- Born: December 17, 1969 (age 56) Beirut, Lebanon
- Occupation: Singer
- Years active: 2001–present

= Yuri Mraqqadi =

Lebanese singer

Yuri Mraqqadi (يوري مرقّدي; born 17 December 1969) is a Lebanese singer. He studied production and became a professional advertising designer in addition to music.

==Career==
He became famous after his hit single "Arabiyyon ana" (عربىٌ أنا) which jump-started his musical career. His follow-up song "Al-Mar'a al-Arabiyyah" (المرأه العربية) had a similar pan-Arab success. Between 2001 and 2005, Mraqqadi released four studio albums.

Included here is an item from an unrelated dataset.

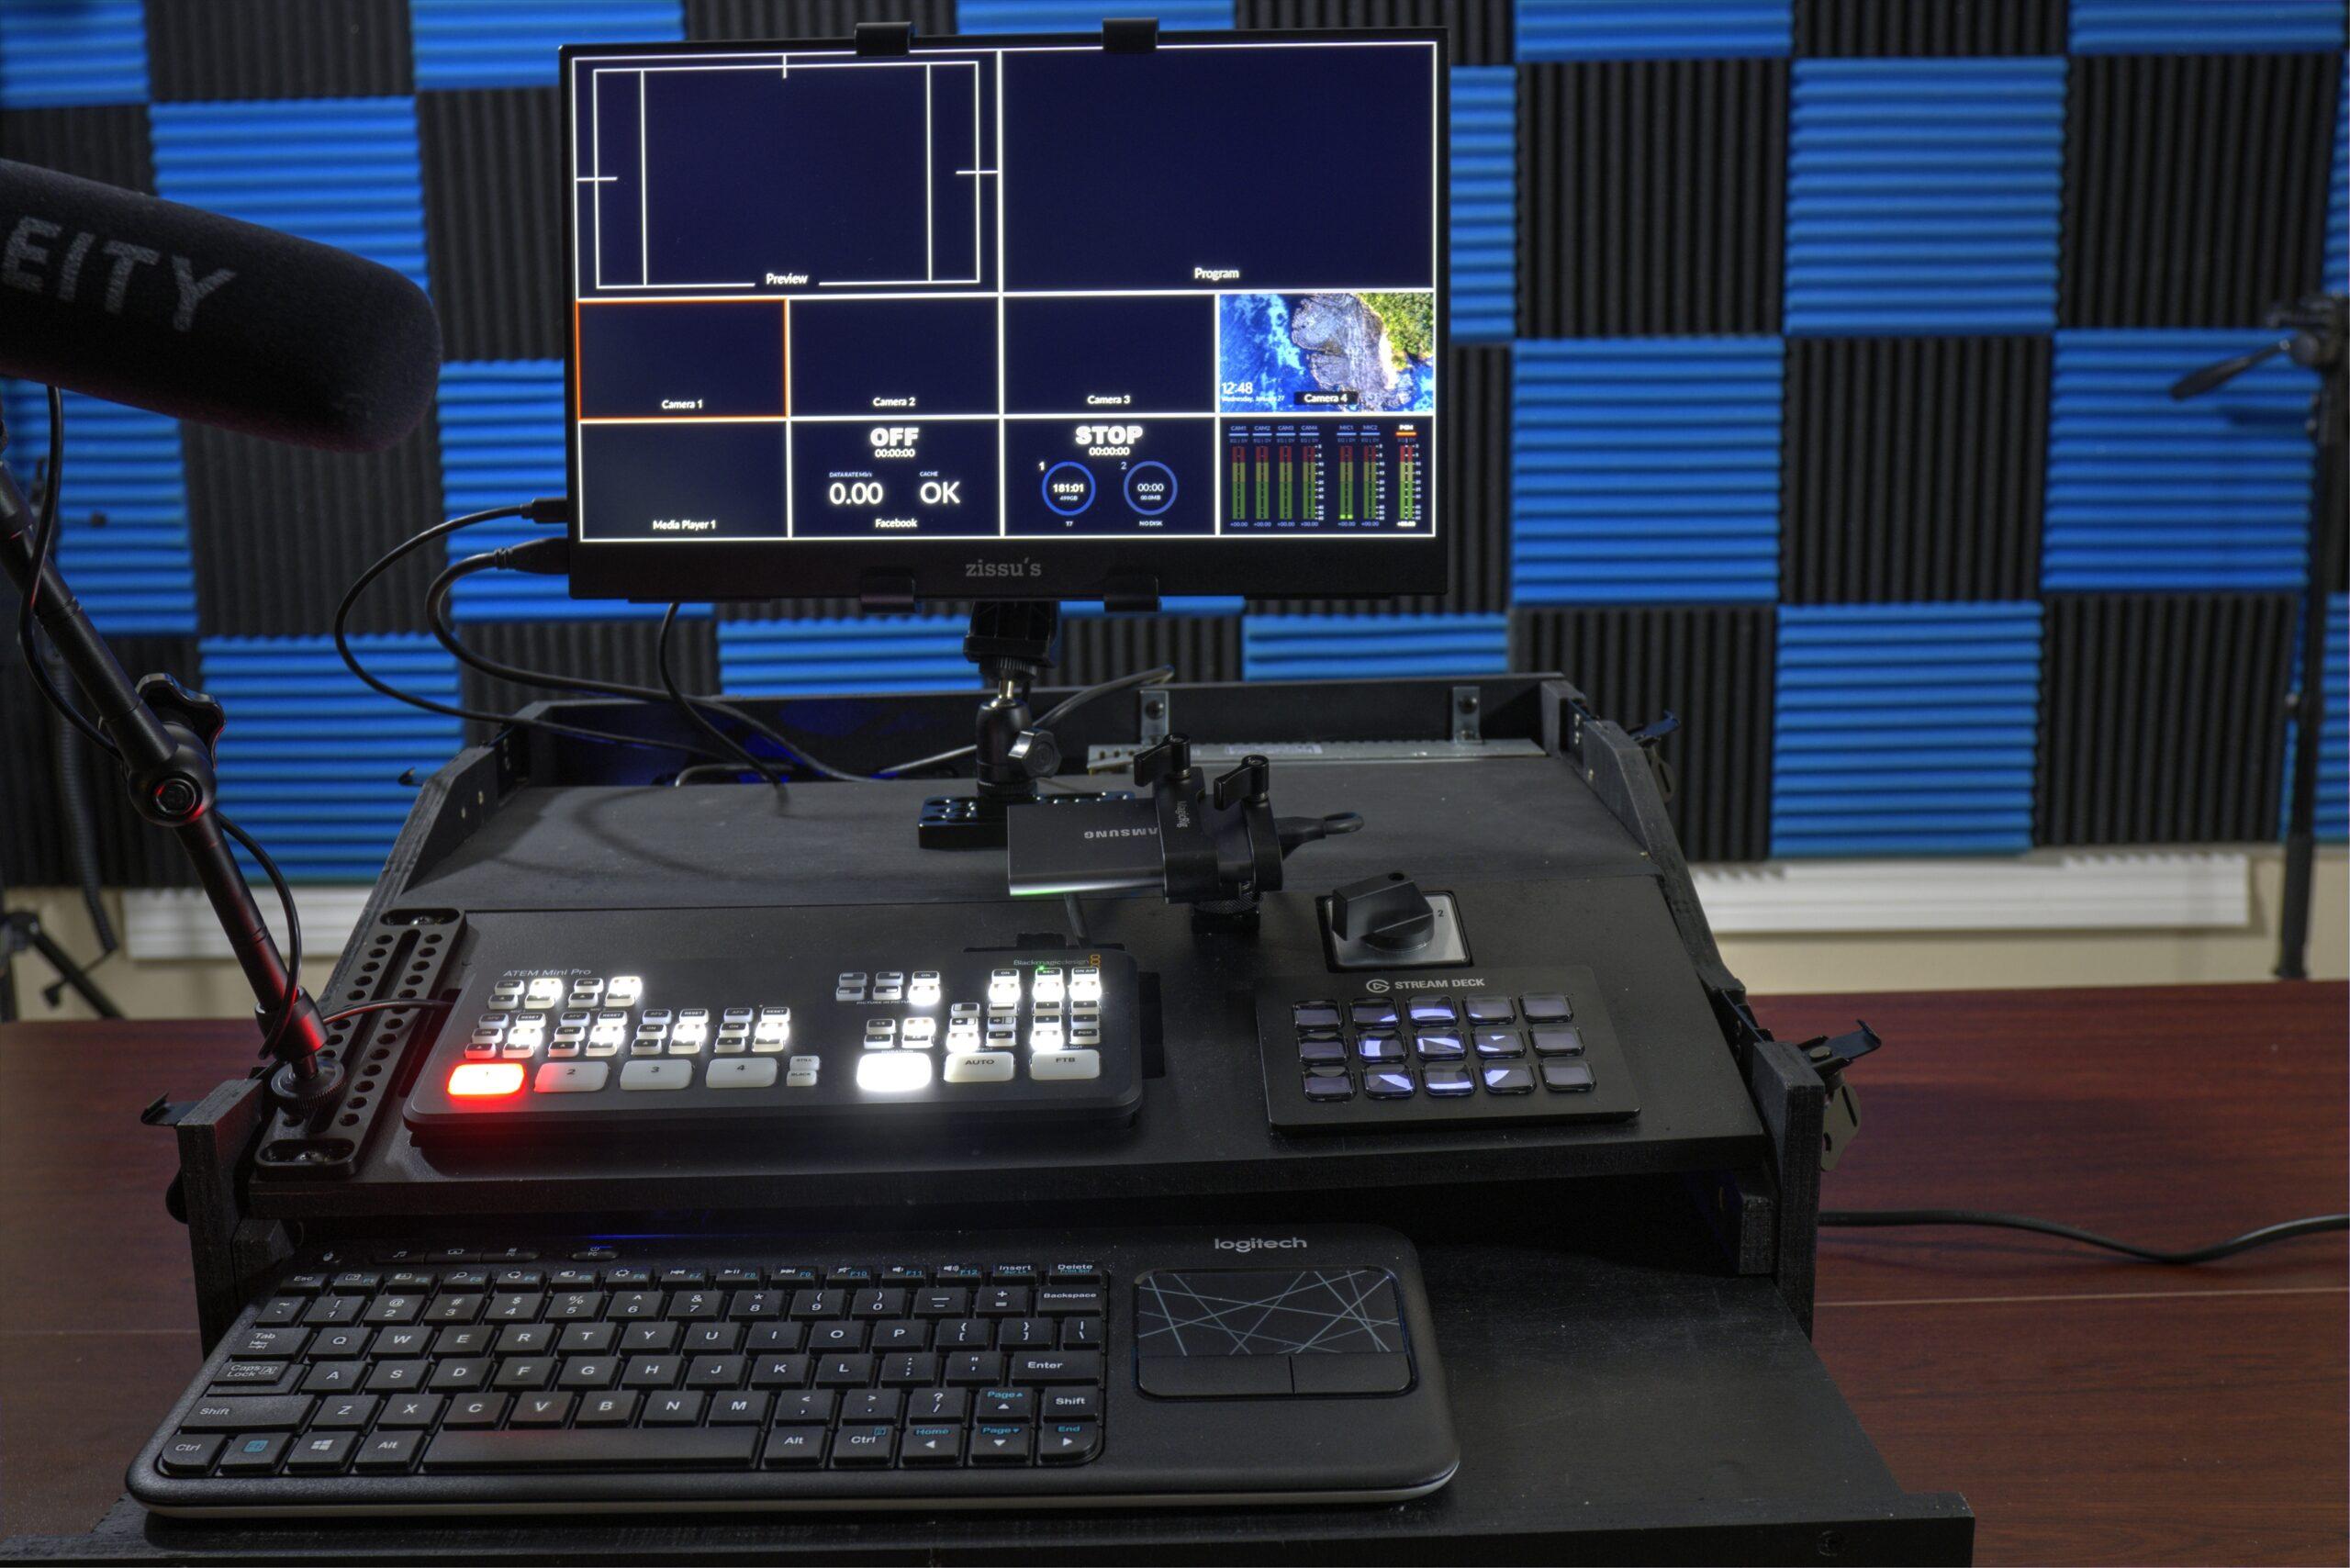 Castcrate Portable Live Streaming Mobile Broadcast Case For Blackmagic Design Atem Mini Video Switcher Custom Fly Pack Mobile Broadcast Case For Blackmagic Desing Atem Mini Atem Mini Pro Atem Mini Pro
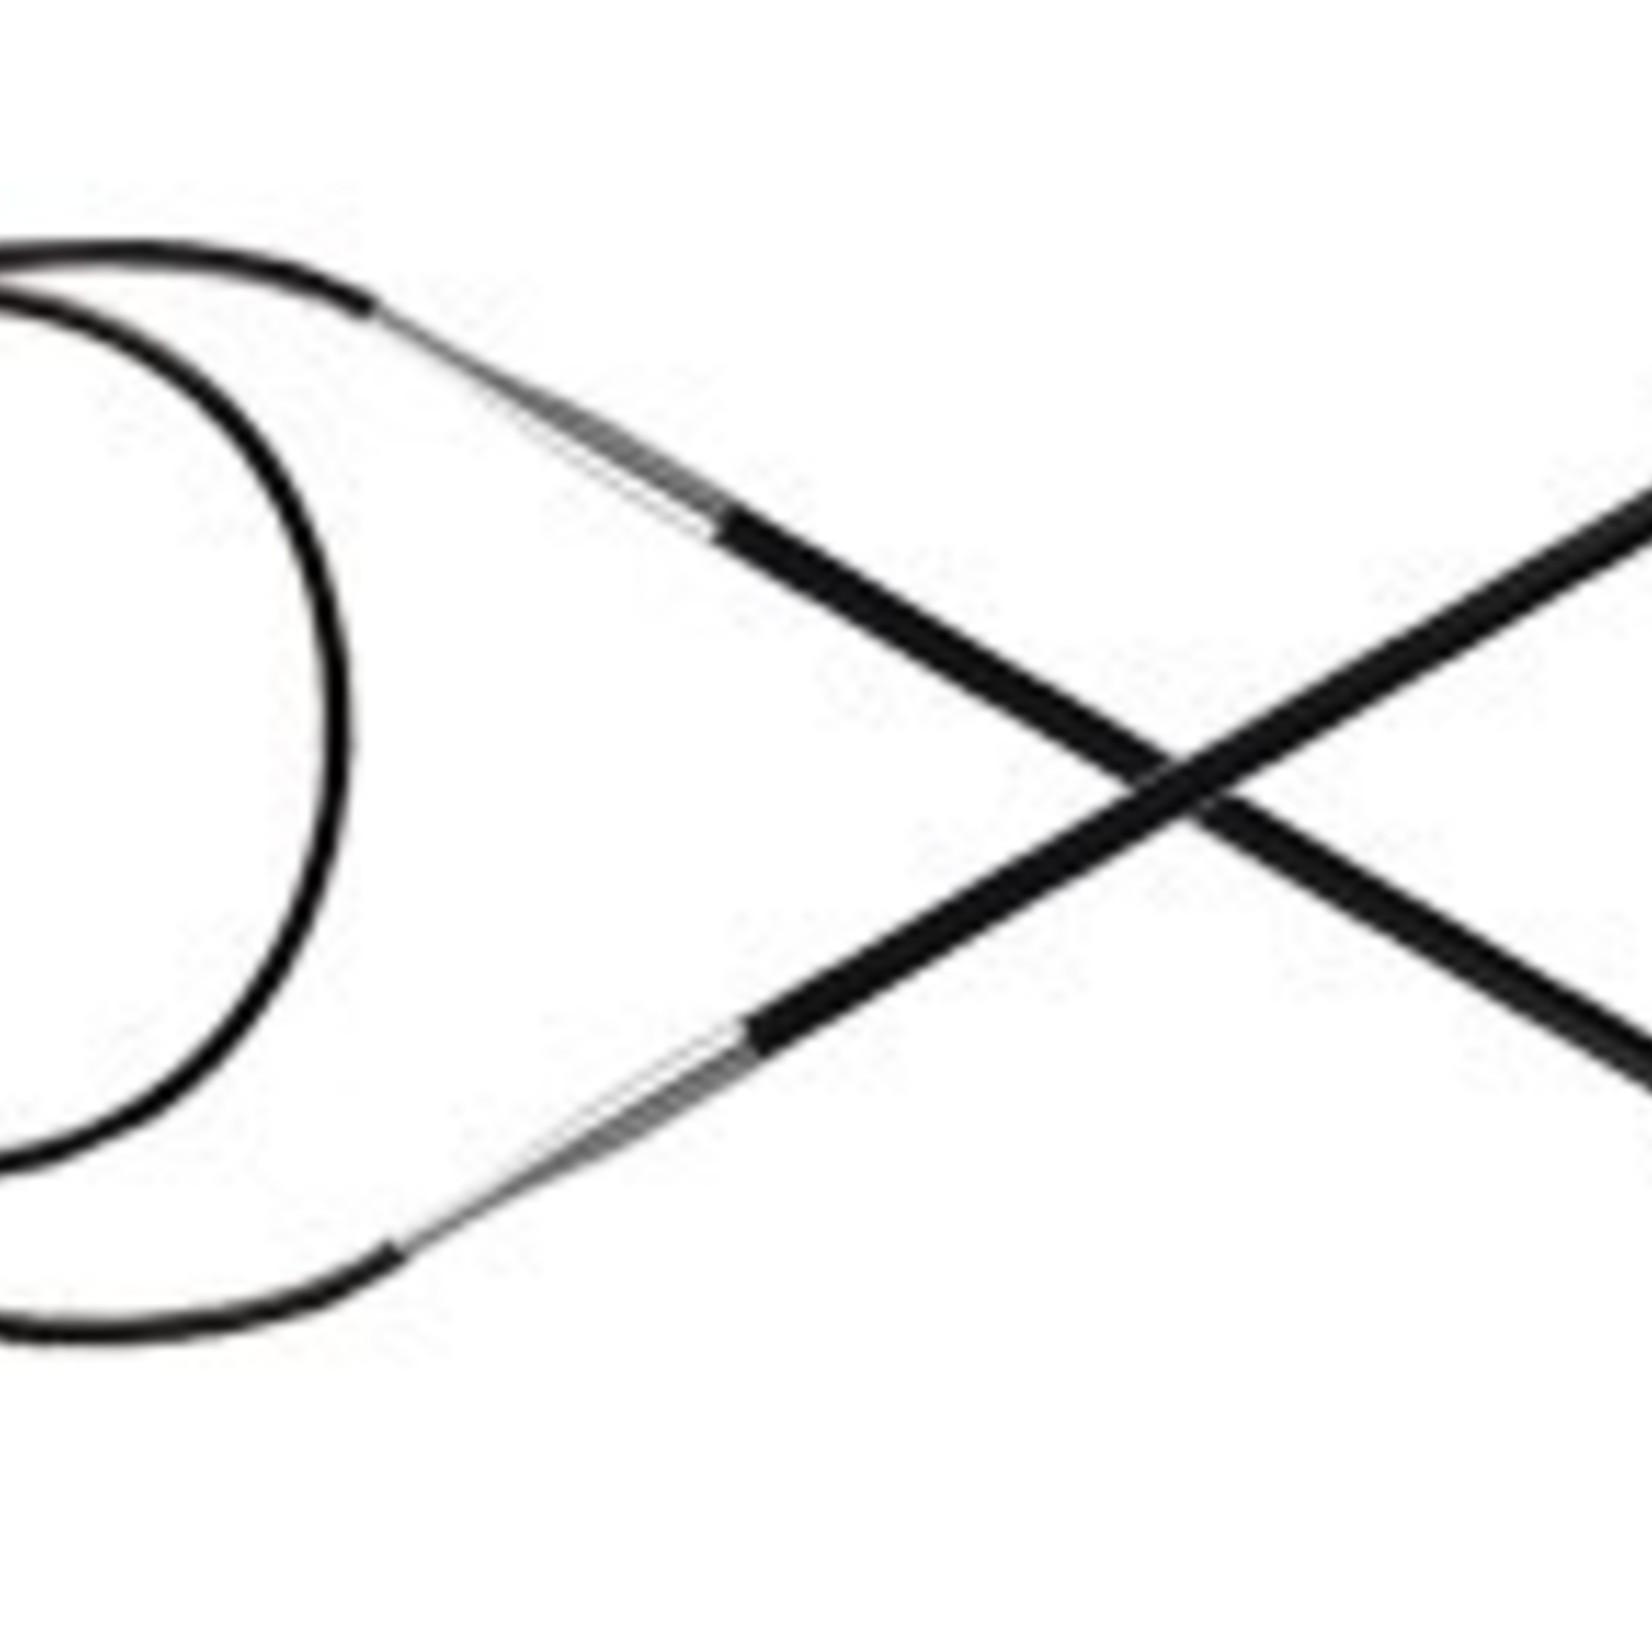 Knitter's Pride 6 Karbonz Circular 16

After a period of hiatus, he has returned for new materials of his own composition starting 2011, and is preparing a new album.

Mraqqadi co-starred with the Egyptian actress Hanan Tork in the film Al Hayah Montaha Al Lazzah in 2005. In 2018, he had the main role in the soap opera, Majnoune Fiki.

==Personal life==
Mraqqadi married Olfat Munther, a beauty expert and presenter, in 2012. He has Armenian origin. He moved to Canada with his family and returned in 2015, after a nine-year break from music work.

==Discography==

=== Albums ===
Source:
- 2001: Arabiyyon ana (عربىٌ أنا)
- 2003: Habs el Nisaa (حبس النساء)
- 2004: Bahebk Moot (بحبك موت)
- 2005: Ya Aasi (يا قاسي)

==Videography==
- "Shiftee Wsiltee"
- "Bahibbak Mot"
- "Hada Mosh Ana"
- "Ansak"
- "Arabiyyon Ana"
- "Maza Aqool"
- "Khateera Antee"
- "Al-Mar'a al-Arabiyyah"
- "Allimeeni"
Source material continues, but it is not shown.